Prepare internal coordination between design, simulation, and export compliance teams

Historically siloed functions — mechanical design, CAE modeling, and regulatory documentation — must now operate jointly from early project phases. Companies should initiate cross-functional briefings to align on simulation assumptions, boundary conditions, and output deliverables well before final submission.

Editorial Perspective / Industry Observation

Observably, this notice reflects SASO’s strategic pivot toward digital conformity infrastructure — using AI-enabled simulation not merely as supplementary evidence, but as primary verification for mission-critical infrastructure components. From an industry perspective, it is less a one-off tightening and more an early indicator of how Gulf infrastructure programs may increasingly embed digital twin requirements into technical specifications. Analysis suggests this approach prioritizes predictive performance under complex real-world conditions over static compliance — a paradigm shift with implications extending beyond expansion joints to other dynamic civil infrastructure elements. However, its current status remains transitional: no public guidance exists on third-party simulation audit protocols or dispute resolution mechanisms for simulation discrepancies. That gap signals continued need for close monitoring.

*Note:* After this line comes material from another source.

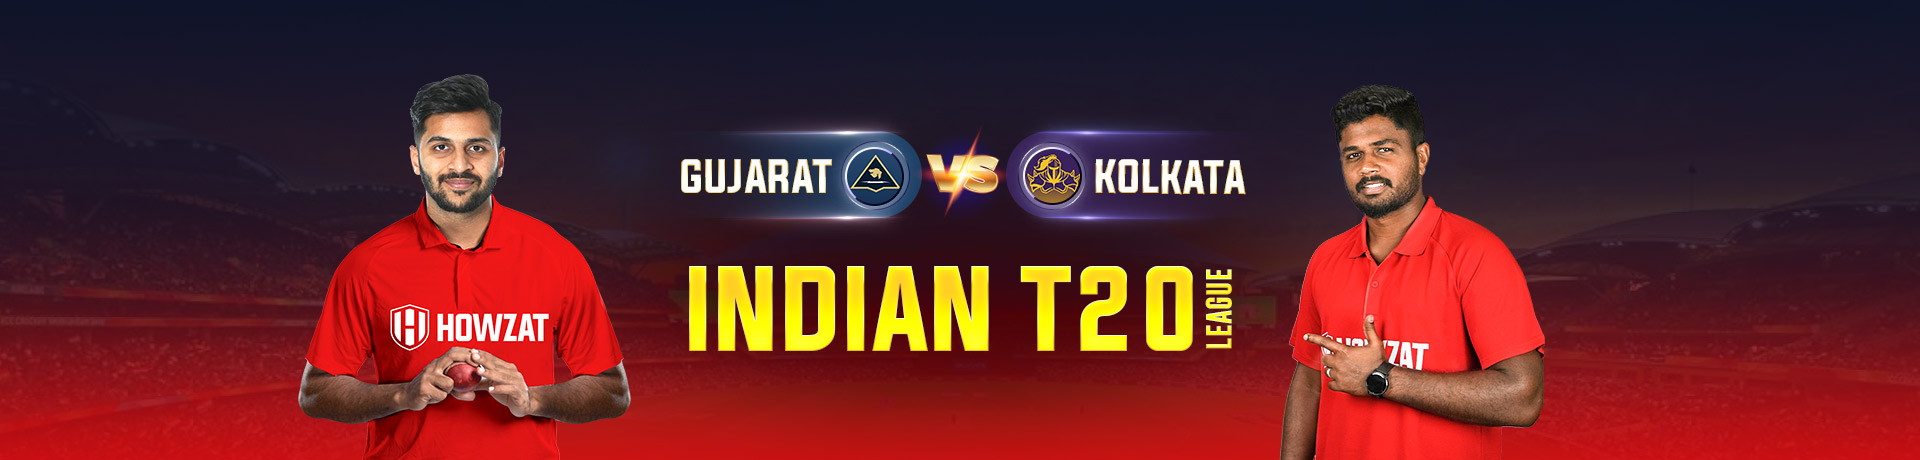 Gujarat vs Kolkata

This notice underscores a broader trend: regulatory convergence between physical product standards and computational engineering rigor — especially where infrastructure resilience is tied to national vision goals (e.g., NEOM). It is not yet a fully matured framework, but rather a directional signal demanding proactive technical and procedural adaptation.

Conclusion

SASO’s May 2026 notice marks a notable escalation in technical expectations for expansion joint suppliers to Saudi mega-projects. Its significance lies not only in the immediate compliance burden but in what it reveals about evolving regulatory logic: digital simulation is transitioning from optional engineering support to mandatory conformity evidence. For stakeholders, the current phase is best understood as a preparatory alignment period — not a finalized compliance regime. Continued attention to SASO’s forthcoming implementation clarifications will be essential to avoid delays in project delivery and certification cycles.

Source Attribution

Main source: SASO Technical Notice SASO/TECH/2026/089, issued May 3, 2026.
Points requiring ongoing observation: SASO’s official list of approved AI simulation platforms (beyond initial mention of ANSYS Twin Builder and Siemens Simcenter 3D); publication of implementation guidelines including reporting templates, version control policies, and audit procedures.